The brick body 101 is provided with a heat accumulating ceramic rod 2 inside, and the heat accumulating ceramic rod 2 is located inside the through hole 102.

It should be noted that: when the magnesia brick body 1 is heated, heat is transferred to the inside of the brick body 101 through the through holes 102 in the brick body 101, the heat is transferred to the inside of the heat storage ceramic rod 2 after entering the inside of the brick body 101, the heat is stored through the heat storage ceramic rod 2, meanwhile, the through holes 102 are communicated through the heat transfer holes 103, the heat transfer holes 103 can accelerate the heat to enter the inside of the brick body 101, the honeycomb-shaped hole grooves 11 are formed in the heat storage ceramic rod 2, the internal heat of the brick body 101 can be effectively stored, the heat loss is reduced, the heat storage performance of the magnesia brick body 1 is improved, the heat preservation plate 5 on the outer side of the brick body 101 can carry out heat preservation treatment on the outer side of the brick body 101, the heat loss is delayed, meanwhile, the heat preservation layer 6 made of a micro foaming wood plastic plate in the through holes 102 can preserve the temperature in the through holes 102, the heat loss in the through holes 102 is effectively delayed, and the overall heat storage performance of the magnesia brick body 1 is improved, the heat loss is reduced, the energy is saved, the energy waste is reduced, and the use cost is reduced.

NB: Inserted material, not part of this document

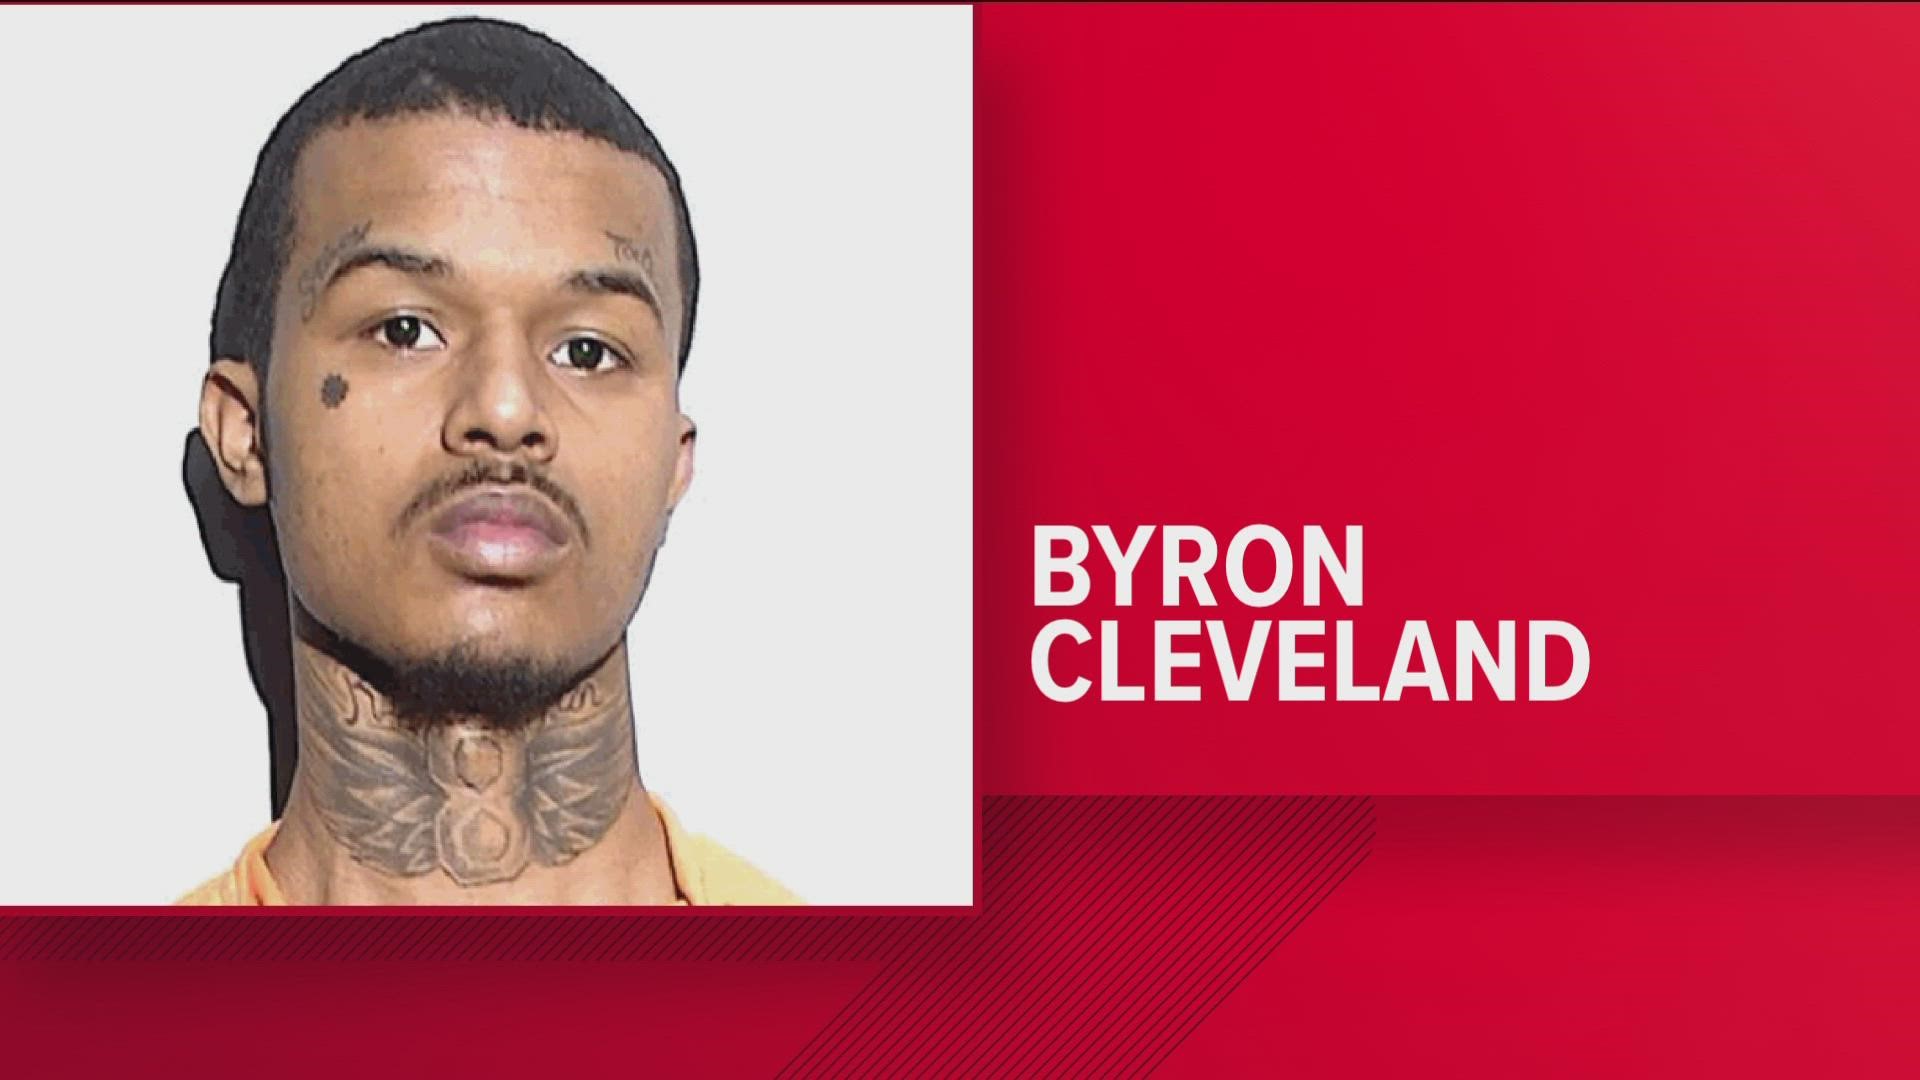 Police apprehended Byron Cleveland in Toledo Wednesday. He has been wanted in connection with the February shooting death of 10-year-old Damia Ezell.

Referring to fig. 1 and 2, a through groove 3 is formed on the outer side of the brick body 101, and anti-slip bumps are arranged inside the through groove 3.

It should be noted that: through setting up logical groove 3, can carry the area of contact who increases between the brick body 101 and the masonry mortar to can improve the firmness of brick body 101 after building by laying bricks or stones, the anti-skidding bump that leads to the groove 3 inside simultaneously can increase the effect of hanging the thick liquid that leads to groove 3.

Referring to fig. 1 and 2, a refractory plate 4 is provided on the outer side of the brick body 101, and the refractory plate 4 is made of silica refractory.

The top and the bottom of the brick body 101 are fixedly connected with insulation boards 5, and the through holes 102 penetrate through the insulation boards 5.

The inner wall of the through hole 102 is fixedly connected with an insulating layer 6, and the insulating layer 6 is made of a micro-foamed wood-plastic plate.

It should be noted that: through the refractory slab 4 that the outside joint at brick body 101 was made by siliceous refractory material, can strengthen the high temperature resistance on brick body 101 surface, prevent that brick body 101 from because of high temperature fracture to can effectual extension magnesia brick body 1's life, practice thrift use cost, through setting up heated board 5, can keep warm to the outside of brick body 101 and handle, can preserve the inside temperature of through-hole 102 through setting up through-hole 102, the effectual inside thermal loss of through-hole 102 that delays.

Referring to fig. 1, one side of the brick body 101 is provided with a first protrusion 7 and a first groove 8, respectively, and the other side of the brick body 101 is provided with a second protrusion 10 used with the first protrusion 7 and the first groove 8, respectively.

It should be noted that: when building by laying bricks or stones magnesia brick body 1, the user inserts the inside of the second recess 9 in another magnesia brick with the first lug 7 of magnesia brick one side, inserts the inside of first recess 8 with second lug 10 simultaneously to link together each magnesia brick, improved the compactness of connecting between the magnesia brick, make the user can splice the magnesia brick together fast simultaneously, improve user's work efficiency.

Referring to fig. 4, the inner wall of the heat accumulating ceramic rod 2 is provided with the cell grooves 11, and the cell grooves 11 are arranged in a honeycomb shape.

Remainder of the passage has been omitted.